Selembar kertas putih melekat di daun pintu keluar restaurant sudut jalan, di tikungan 100 meter menuju gedung tempat kami tinggal. Sebuah foto hitam putih, ukuran passport tertempel di pojok kertas itu, di antara tulisan-tulisan padat dalam huruf Malayalam yang sulit diterka maknanya oleh orang yang tidak mengerti bahasanya. Pasti si empunya informasi tersebut bukan dengan tanpa sengaja memasangnya di sana.
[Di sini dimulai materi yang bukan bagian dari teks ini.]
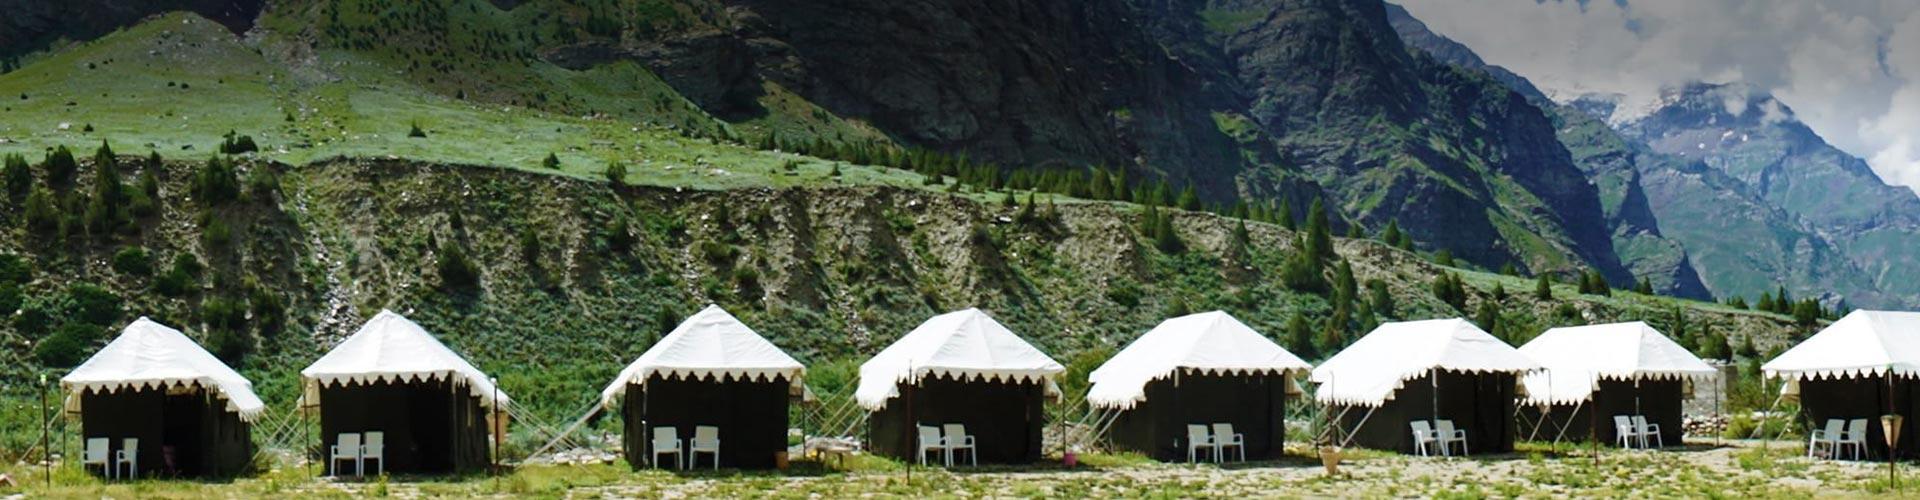 Jispa Journeys Resort

Meski begitu, bagi kita yang pandai ‘membaca’ suasana, akan segera bisa menangkap apa maksudnya.

Rasa ingin tahu lebih jauh saya bergejolak, membuat tidak kuasa menahannya. Sambil mengulurkan uang pembayaran teh panas, sekedar penghamat di tengah suhu dingin yang mencapai 13 derajat celcius pagi itu, kepada sang kasir, saya mendapatkan jawaban singkat. Anak muda yang fotonya terpampang di lembaran kertas itu tengah membutuhkan uluran tangan bagi pembaca yang, siapa tahu, tergerak ingin membantunya. Mohideen, si empunya nama, pemilik identitas di lembaran kertas itu, memang sedang sakit.

*****

Sore harinya, sepulang dari kerja, sekitar jam 3.30 sore, saya menjumpai seorang laki-laki muda, yang akhir-akhir ini selalu ‘berjemur’ di depan gedung kami. Maklum, udara lagi dingin. Terpaan sinar matahari bisa digunakan sebagai tambahan penawar hawa dingin ini. Dari penampilan fisiknya, nampak seperti orang asal Bangladesh. Kali ini memang bukan yang pertama saya temui. Saya menangkap dari penampilannya, anak muda ini sedang tidak punya kerjaan alias ‘menganggur’. Makanya sambil berjemur, siapa tahu ada yang mau menawarkan jasa baik kepadanya, memberikan lowongan kerja.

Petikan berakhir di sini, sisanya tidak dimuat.